Some outpatient health care executives experience high physician turnover leading to increased costs. To retain highly productive physicians, outpatient health care executives need to understand the best strategies for reducing physician turnover. Grounded in Herzberg 2-factor theory as the conceptual framework, the purpose of this multiple case study was to explore the strategies outpatient health care executives used to reduce physician turnover. Data were collected from semistructured interviews of 4 outpatient health care executives and the review of proprietary documents from 2 outpatient health care facilities in the Southern California metropolitan area. Data analysis comprised compiling and disassembling the data into common codes, reassembling the data into themes, interpreting the themes, and reporting the themes.
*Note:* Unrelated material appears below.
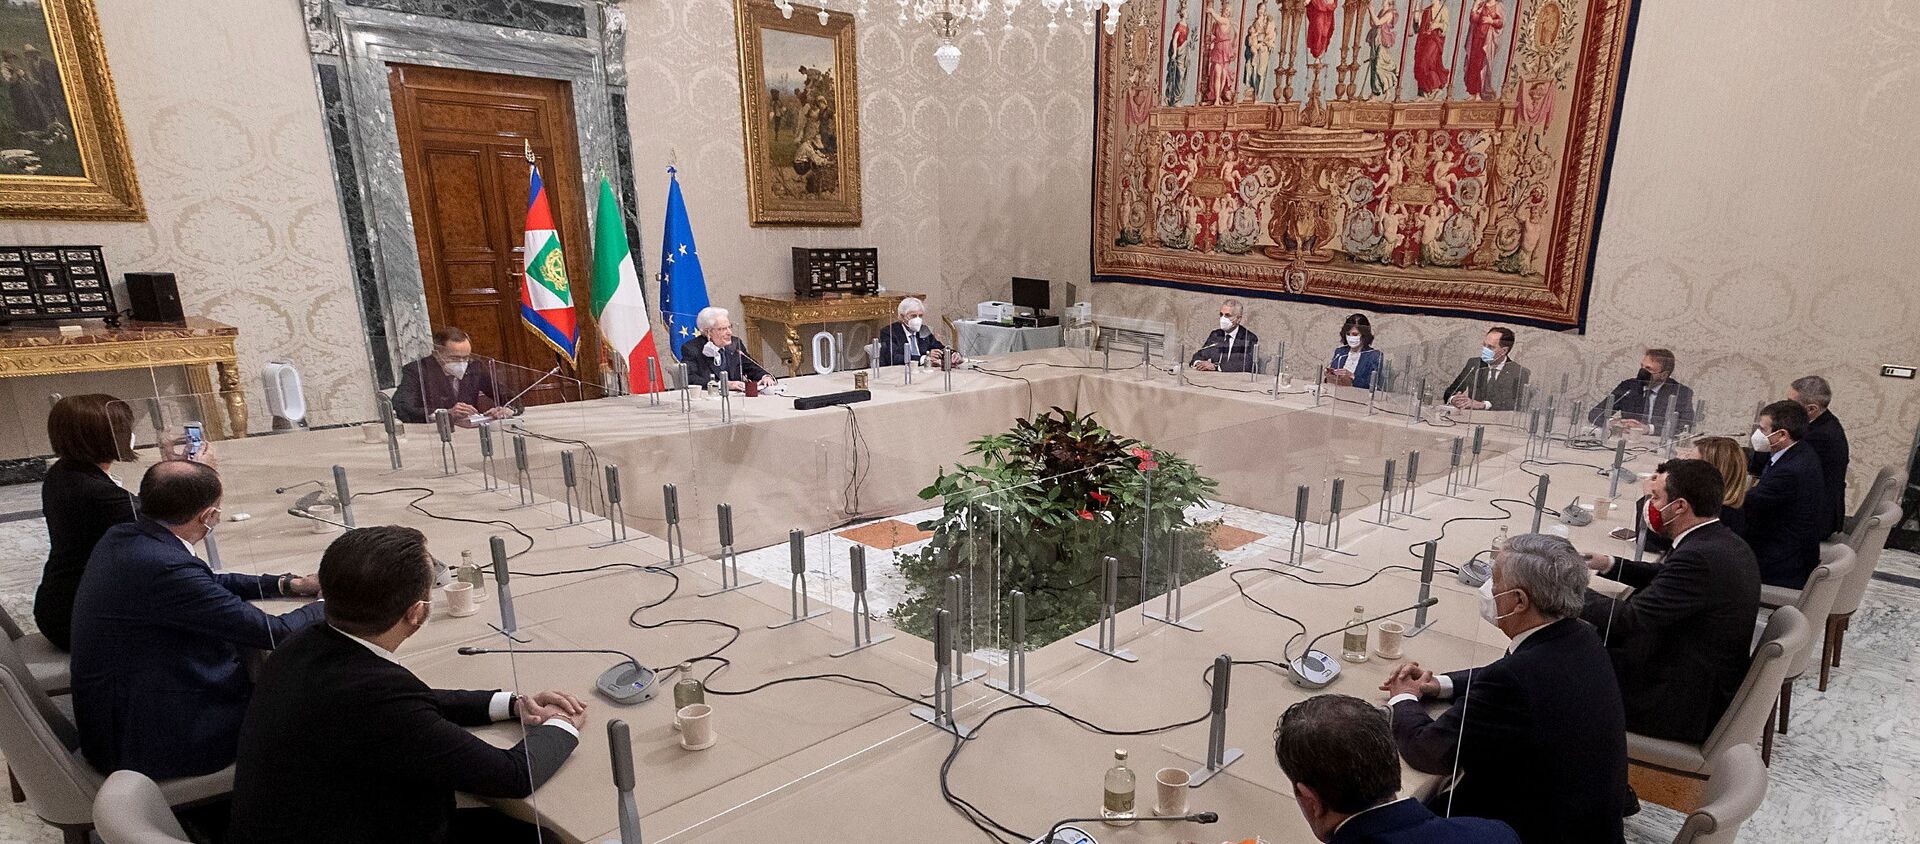 El presidente italiano Sergio Mattarella mantiene conversaciones en el Palacio del Quirinal en Roma, Italia - Sputnik Mundo, 1920, 01.02.2021

Member checking and methodological triangulation amplified the trustworthiness of the findings. The course of thematic analysis led to identification of 4 core themes: autonomy, satisfactory work environment, effective communication, and training and growth opportunity. Implications for positive social change include the potential to increase economic growth while benefitting employees, families, and communities; increasing the continuity of patient care; and increasing patients’ access to health care. Outpatient health care executives can use the results of this study to implement changes conducive to minimizing physician turnover and associated costs while enhancing the quality of health care.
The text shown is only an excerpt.